Material to process below:

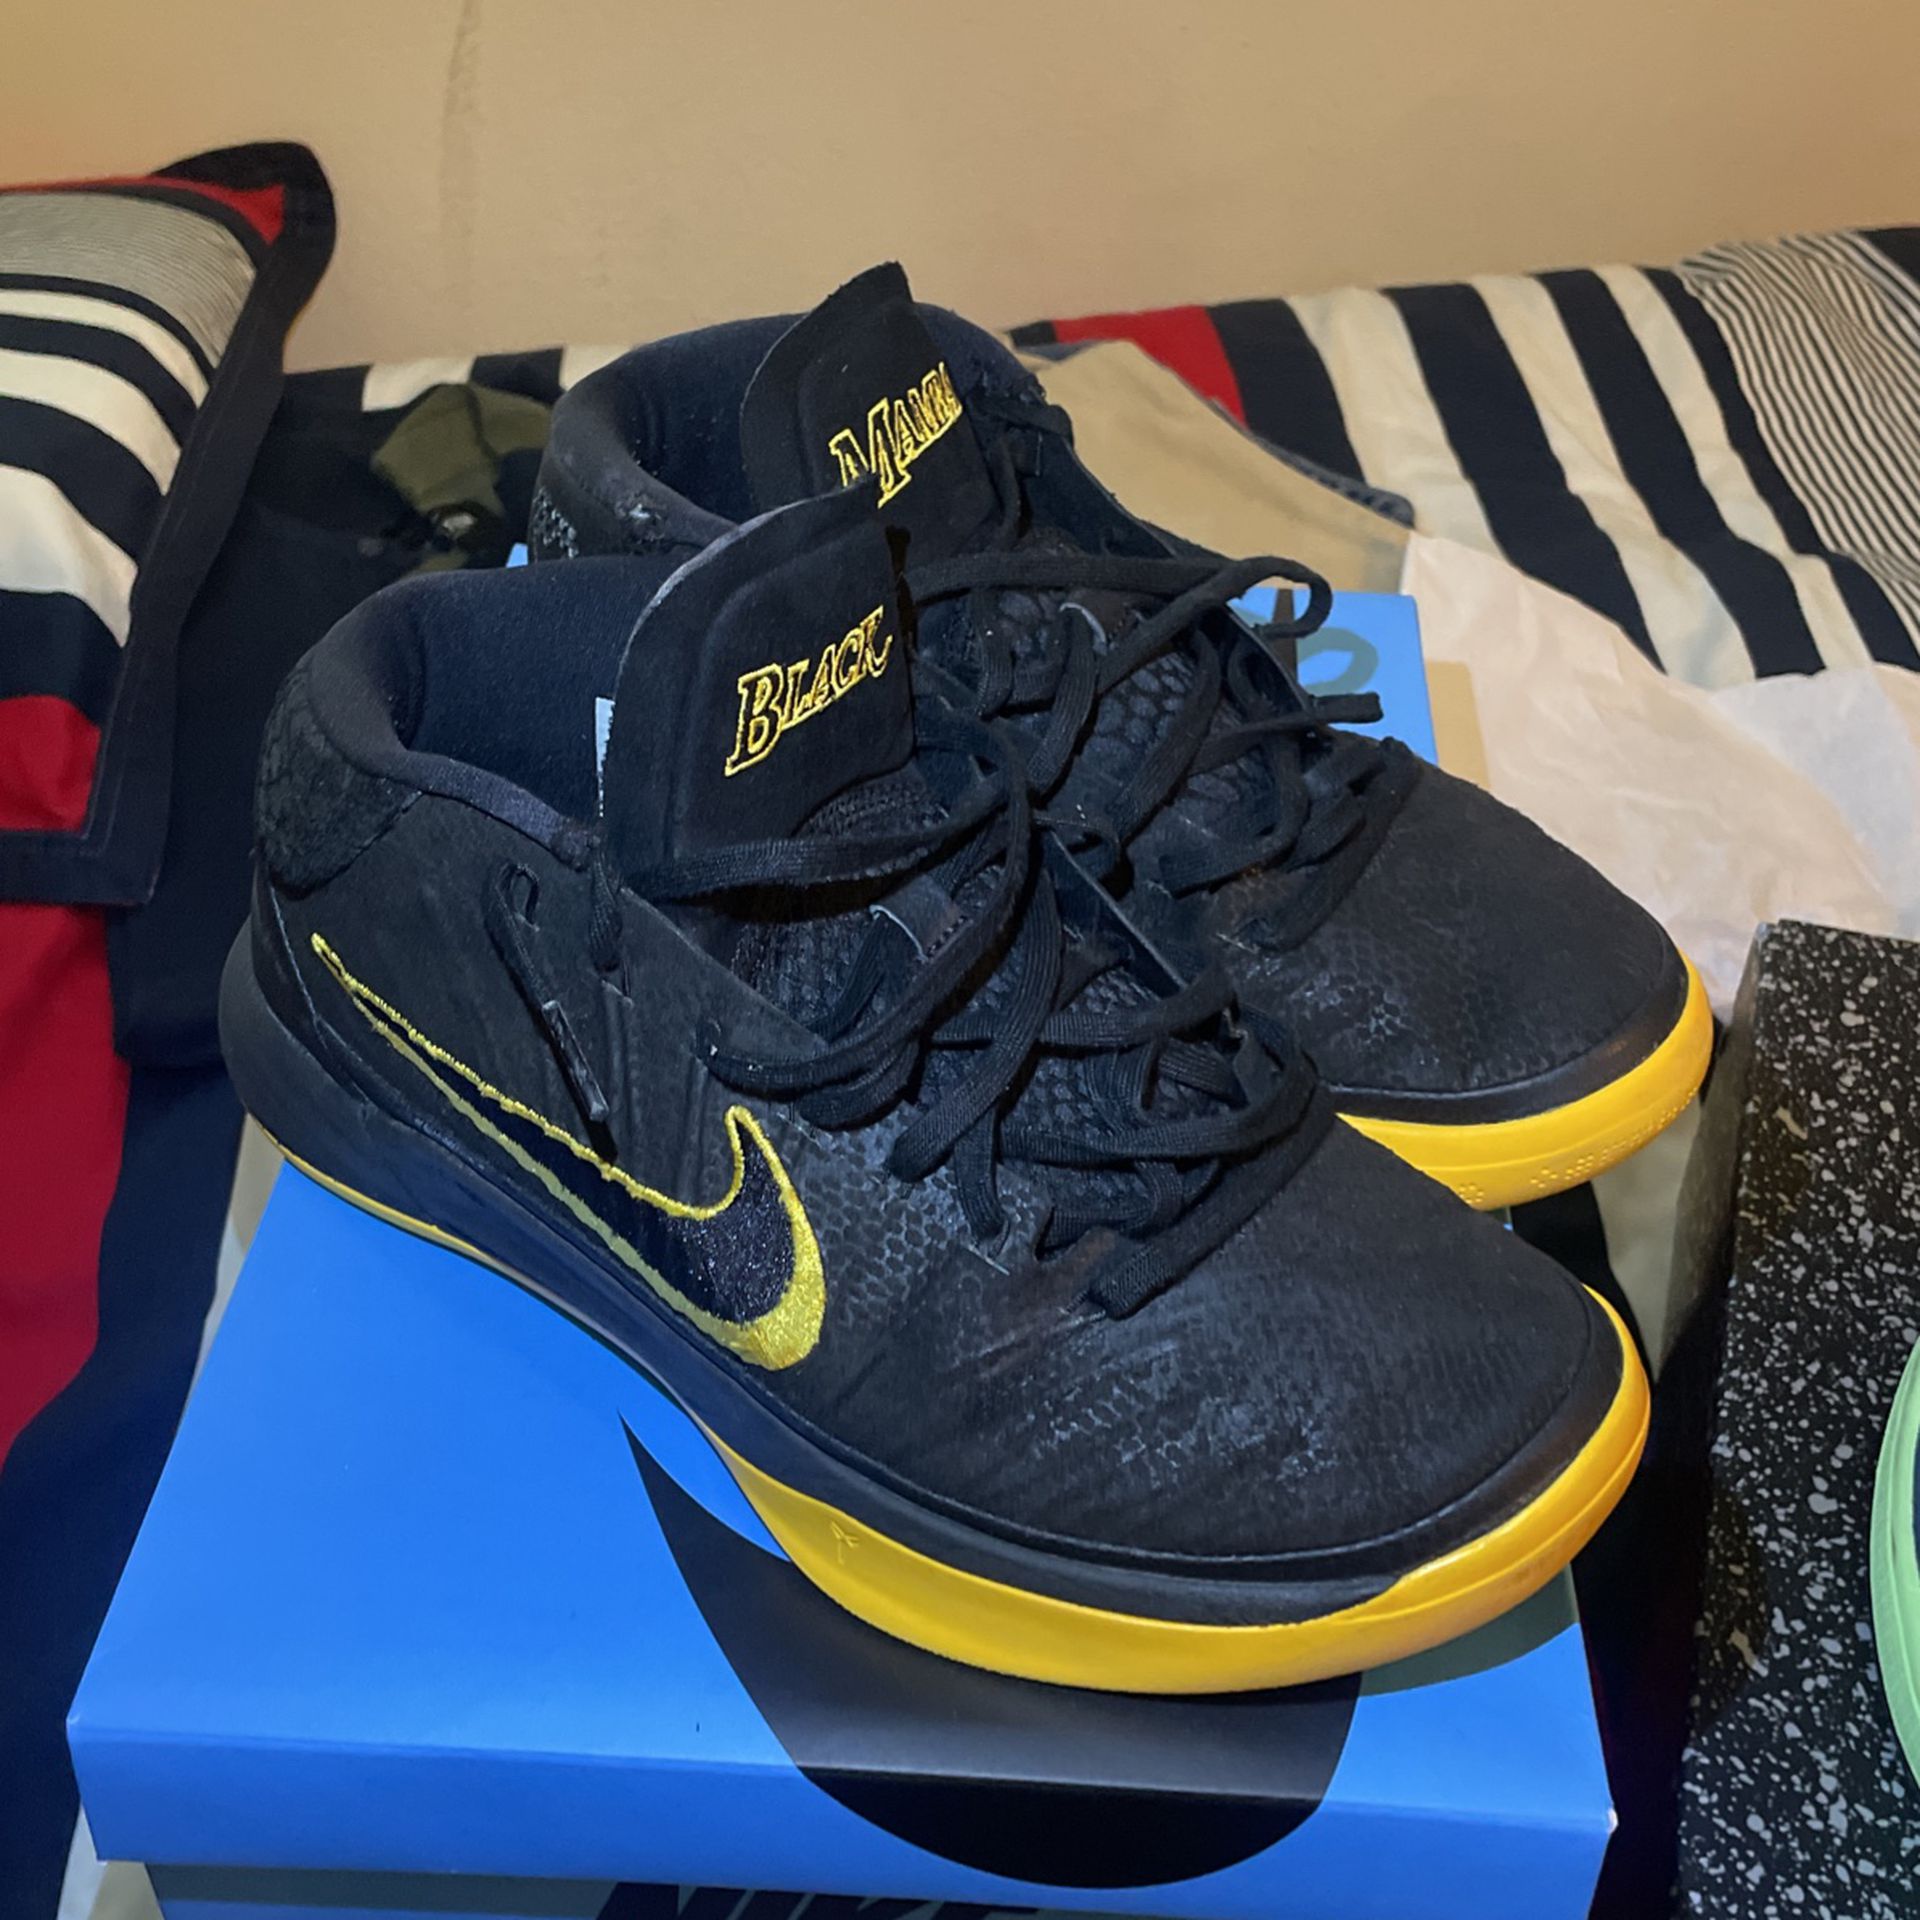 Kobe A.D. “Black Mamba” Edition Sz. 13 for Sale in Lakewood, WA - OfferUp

End of Material to process.
Material to process below:

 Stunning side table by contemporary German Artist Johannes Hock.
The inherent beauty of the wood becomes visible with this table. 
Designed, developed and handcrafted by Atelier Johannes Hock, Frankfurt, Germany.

End of Material to process.
Material to process below:

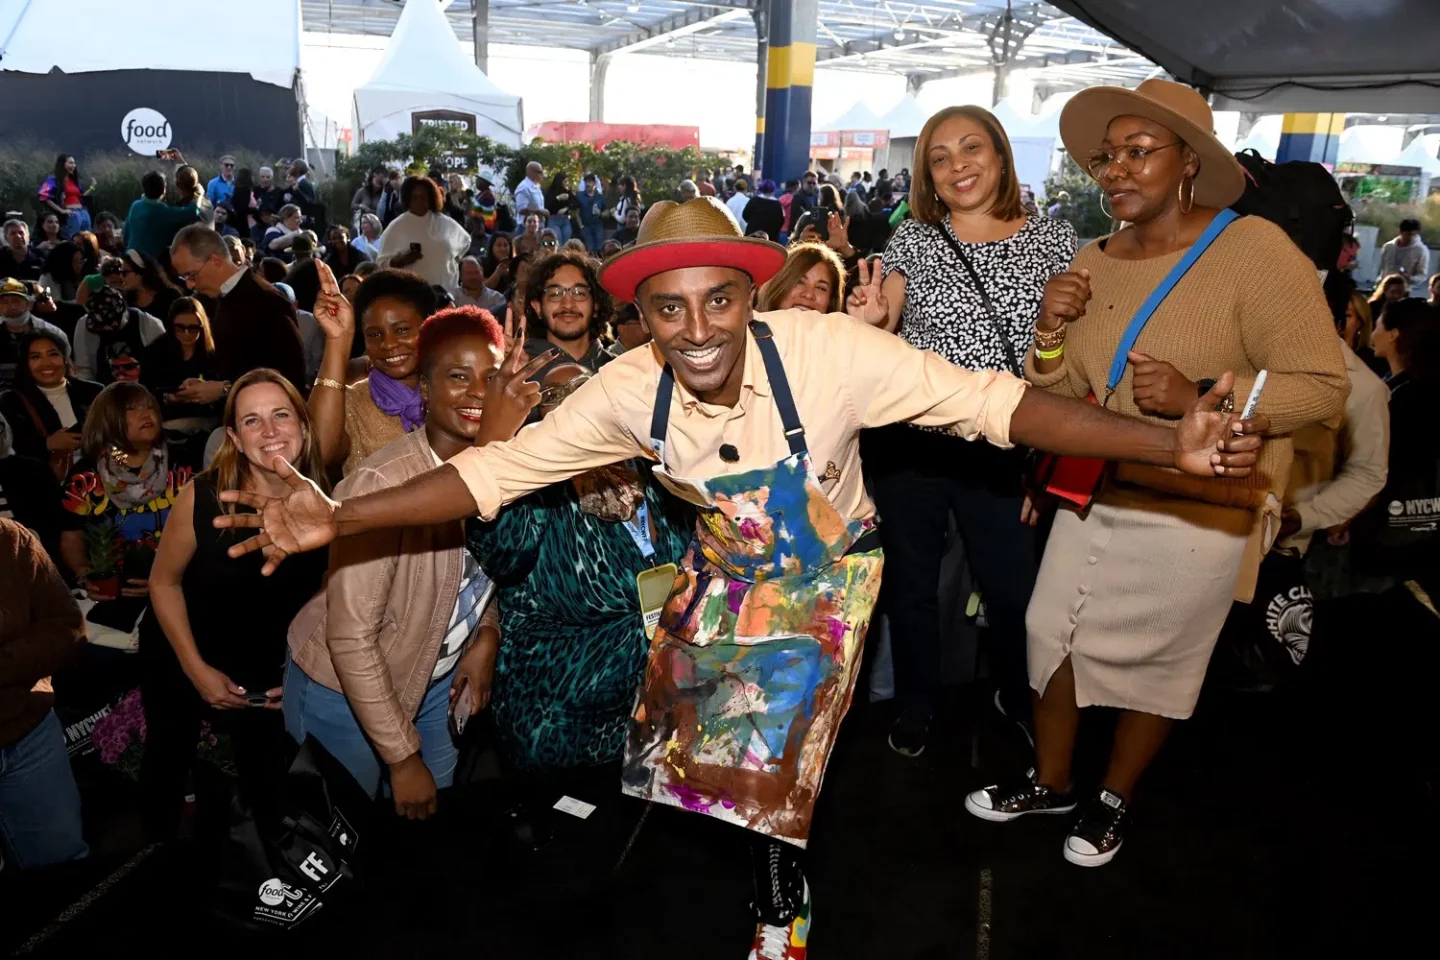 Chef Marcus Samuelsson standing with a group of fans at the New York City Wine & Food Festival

End of Material to process.

About this task
Return every line of the data above in which "Hock" appears.

Finished exercise
 Stunning side table by contemporary German Artist Johannes Hock.
Designed, developed and handcrafted by Atelier Johannes Hock, Frankfurt, Germany.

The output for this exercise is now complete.